@shwet_gaur
Truthful solution, partial lately, hardening at the roadmap. Price being in advance since you’d really feel this on day 1 of a self-host.
Nowadays (v0.1):
– Guide kill by way of DELETE /v1/periods/{identity}, cancels the orchestrator and destroys the container.
– TTL reaper, set ttl_seconds at consultation create; expired periods get terminated each 60s.
– Comfortable interrupt, a consumer.interrupt tournament stops the type loop between device calls (does not kill the container).
– Community isolation, two Docker networks: linchpin-none (no egress) and linchpin-open.

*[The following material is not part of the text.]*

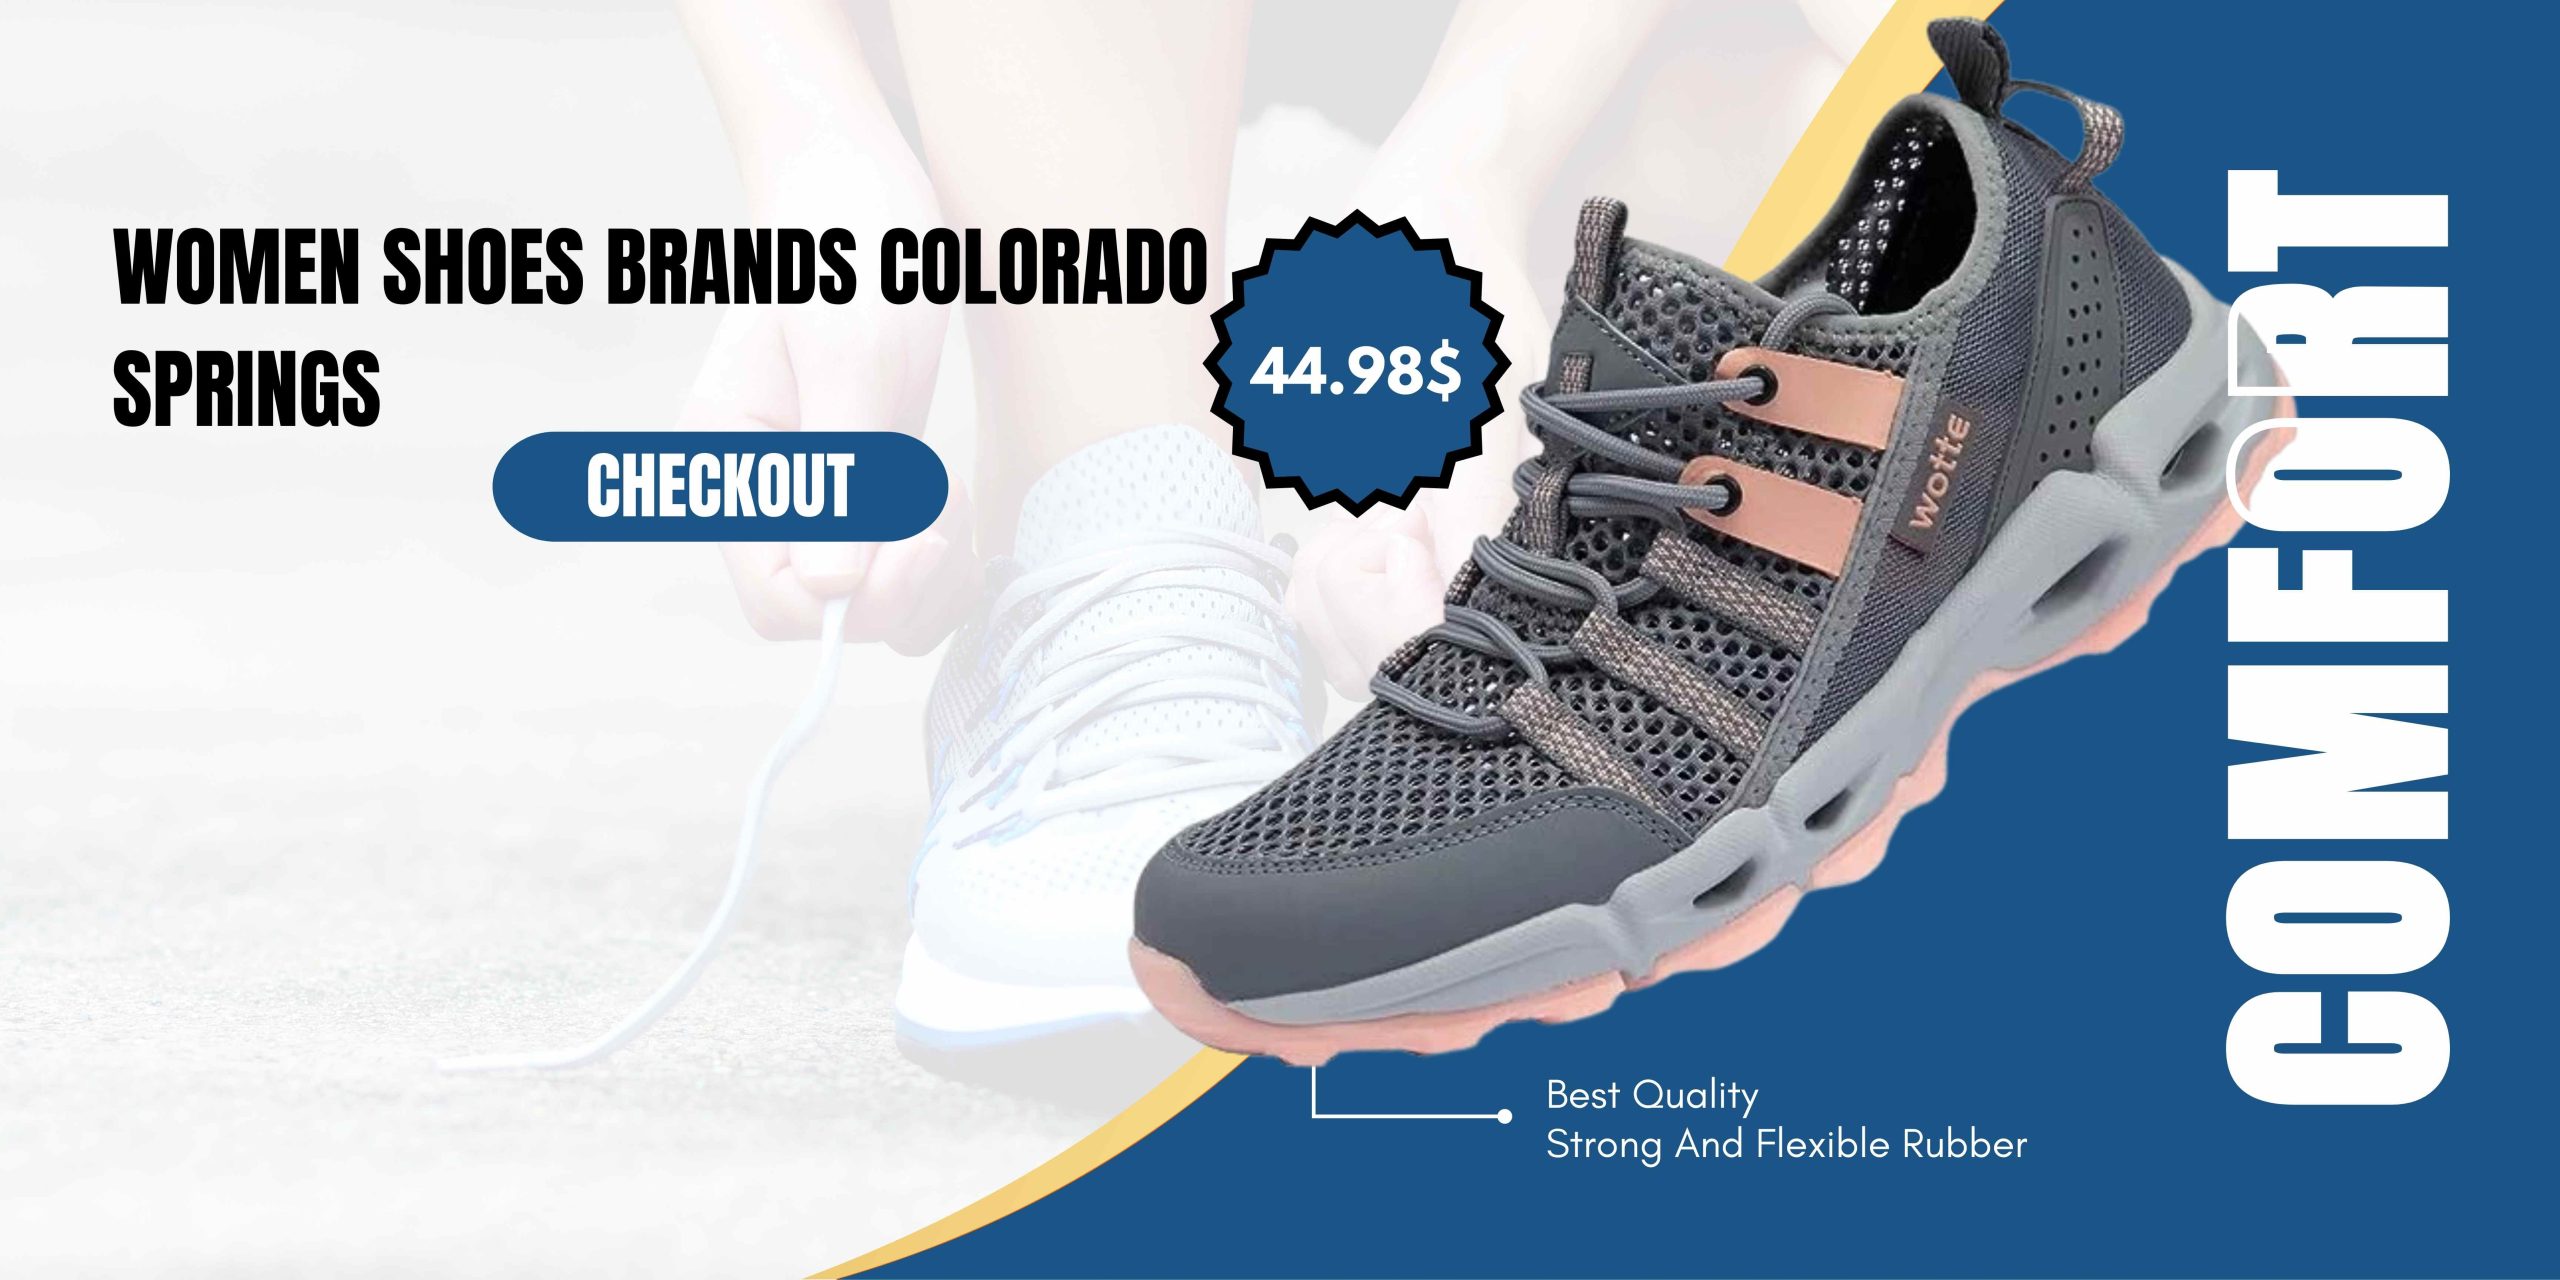 Women Shoes Brands Colorado Springs: Find the Perfect Pair for Your Style!

What is lacking is the true useful resource caps:
– No CPU / reminiscence / PID / disk limits at the sandbox container.
– No exec timeout, a shell command within the sandbox can run perpetually.
– No per-session iteration or token funds past TTL.
So lately: trusted-environment self-host. A misbehaving agent can pin CPU or fill RAM till the host complains. The kill transfer works, however provided that you (or the TTL) pull it.
Sandbox hardening, cgroup caps, exec time limits, a hard-kill interrupt, not obligatory iteration budgets, is at the roadmap. Placing up a numbered liberate document for it this week and linking it from the README so it is visual.
Excellent query, that is the space a self-hoster hits first.